Ipiranga opened the first eco-efficient station in Brazil, in Porto Alegre (Rio Grande do Sul), in 2009. The station was designed to increase the effectiveness of energy management, water, waste and materials.

In October 2010, Ultra acquired Distribuidora Nacional de Petróleo (DNP), expanding the volume of Ipiranga by 40% in the northern states of Amazonas, Rondônia, Roraima, Acre, Pará and Mato Grosso. The following year, Ipiranga launched a project to collect batteries and cell phones in approximately 30 Jet Oil stations in the city of Rio de Janeiro.

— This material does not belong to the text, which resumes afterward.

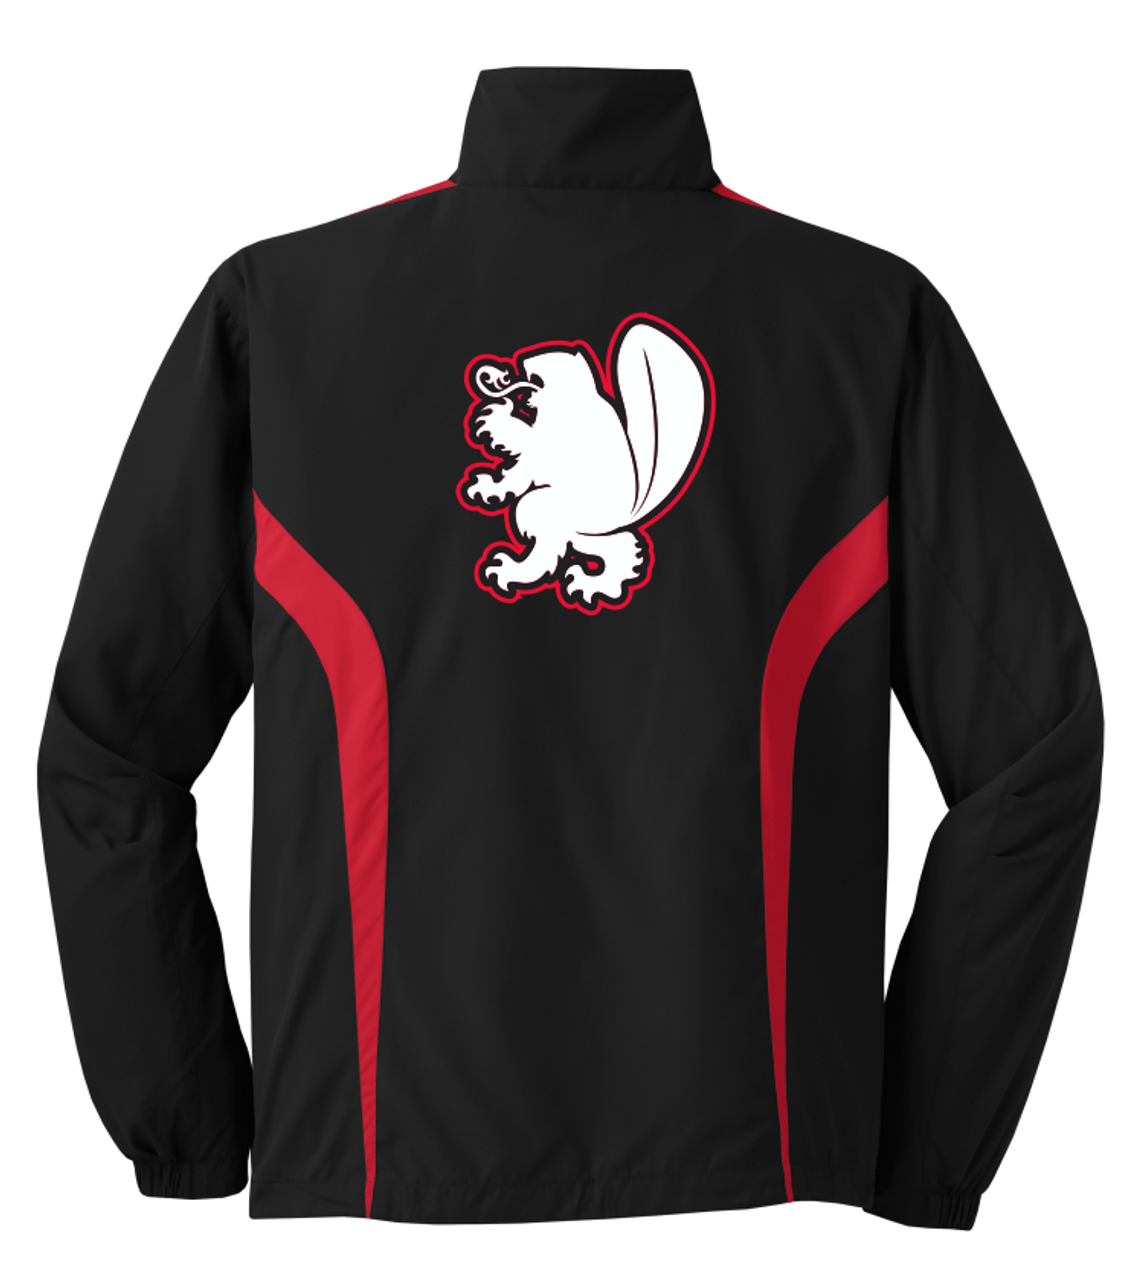 West Potomac Colorblock Jacket, Black/Red

In November 2012, Ipiranga partnered with Odebrecht TransPort to create ConectCar, a company engaged in the electronic payment of tolls, parking and fuel. ConectCar began operations in April 2013 in São Paulo.

In 2014, Ipiranga was named best wholesale company by "Melhores e Maiores" of Exame magazine for the fourth consecutive year. That same year, am/pm, a franchise owned by Ipiranga, was voted the 11th-most-profitable franchise in Brazil by Exame magazine.

== Sponsorships ==
Ipiranga is the main sponsor of A.Mattheis Motorsport in the Stock Car Pro Series.